A product roadmap's value is in the planning process and aligning the team on a vision, not in rigidly adhering to a delivery schedule. The co-founder of Artist argues that becoming a feature factory focused on checking boxes off a roadmap is a dangerous trap that distracts from solving real customer problems.
Artist's co-founder warns that the biggest mistake founders make is building technology too early. Her team validated their text-based learning concept by manually texting early users, confirming the core hypothesis and user engagement before committing significant engineering resources.
Instead of debating individual features, establish a clear "perspective" for your product. Artist's perspective as a "push-based product for quick insights" makes it easy to reject requests that don't align, like building an in-house video hosting tool. This aligns the entire organization and simplifies the roadmap.
Artist's CPO notes that while frameworks and processes can feel productive, the best product work is often messy and uncomfortable. It involves fighting with stakeholders and making bets on uncertain features rather than fixing known, smaller issues. This contrasts with the idealized view of smooth, process-driven development.

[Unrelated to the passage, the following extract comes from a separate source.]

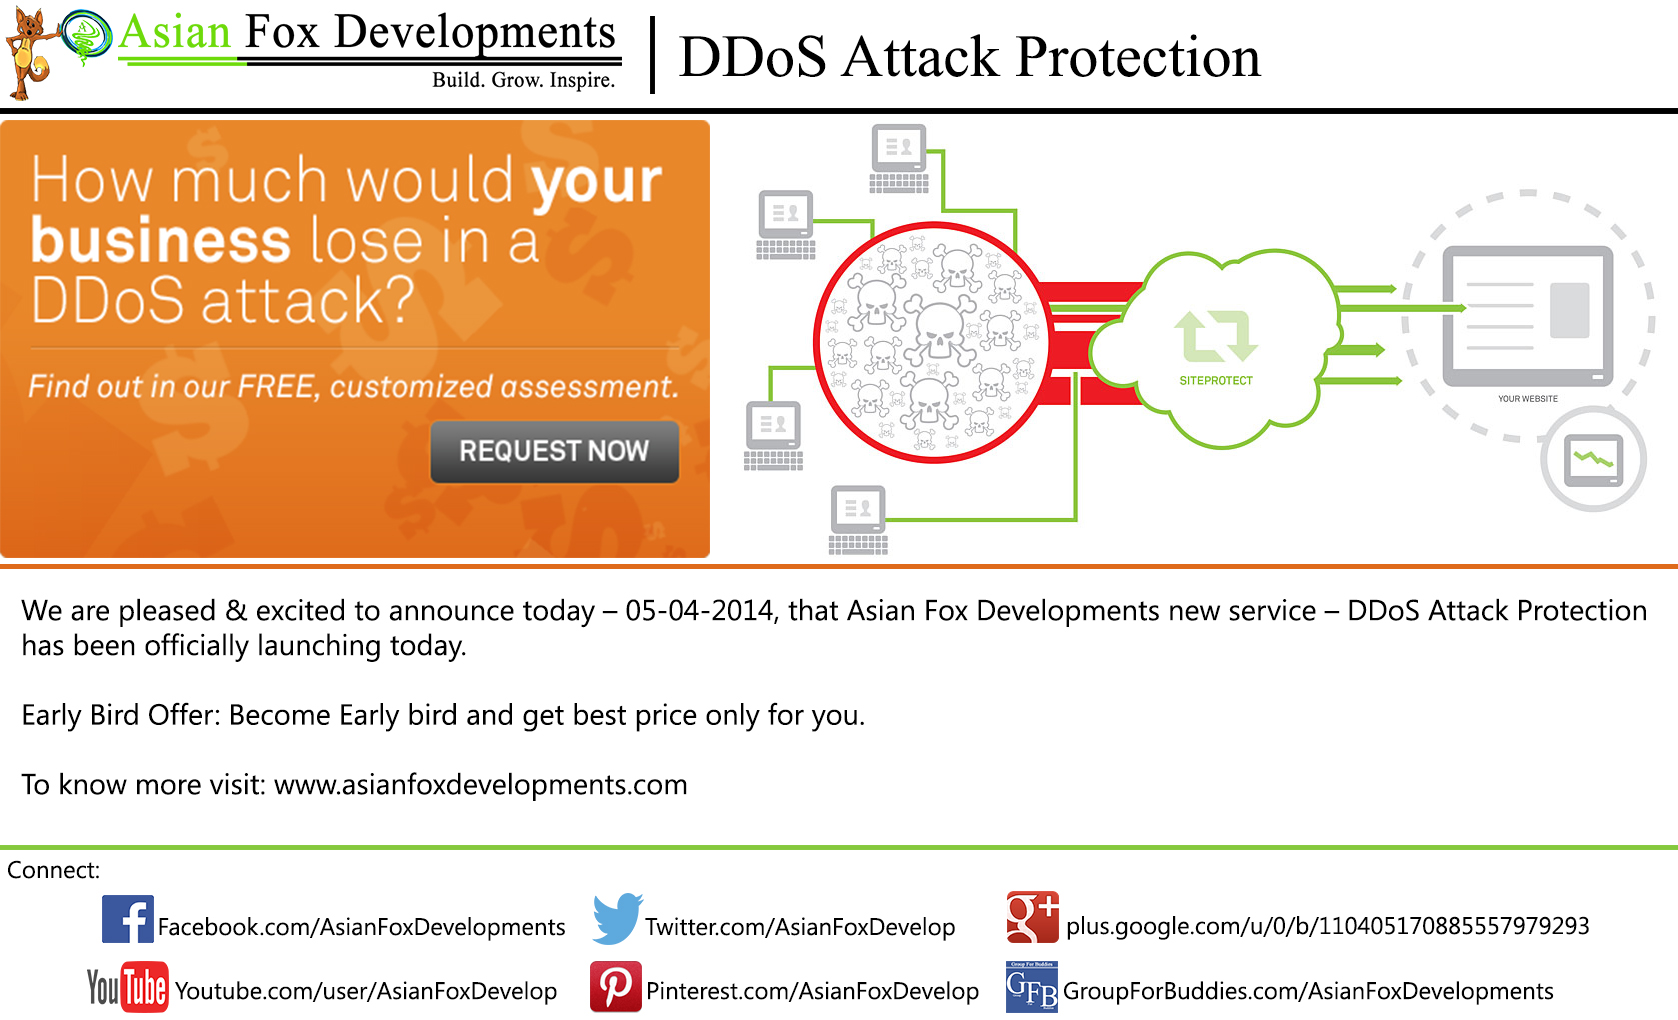 Asian Fox Developments - DDoS Attack Protection

When her financial literacy classes failed, Maxine Anderson realized the problem wasn't that people didn't want to learn, but that the format (in-person classes) didn't fit their lives. This insight—that the delivery medium itself is often the biggest barrier—led to Artist's text-based learning platform.
Artist's co-founder found that even the best employees lack the time to seek out learning. Their success comes from a "push-based" model that delivers personalized, timely information via text or Slack, rather than relying on employees to log into a separate learning platform.
After losing clients due to HR budget cuts, Artist successfully pivoted from selling to central L&D teams to selling to sales enablement departments. These teams have budgets directly tied to revenue outcomes, making them a more resilient and motivated customer base, even without a fundamental product change.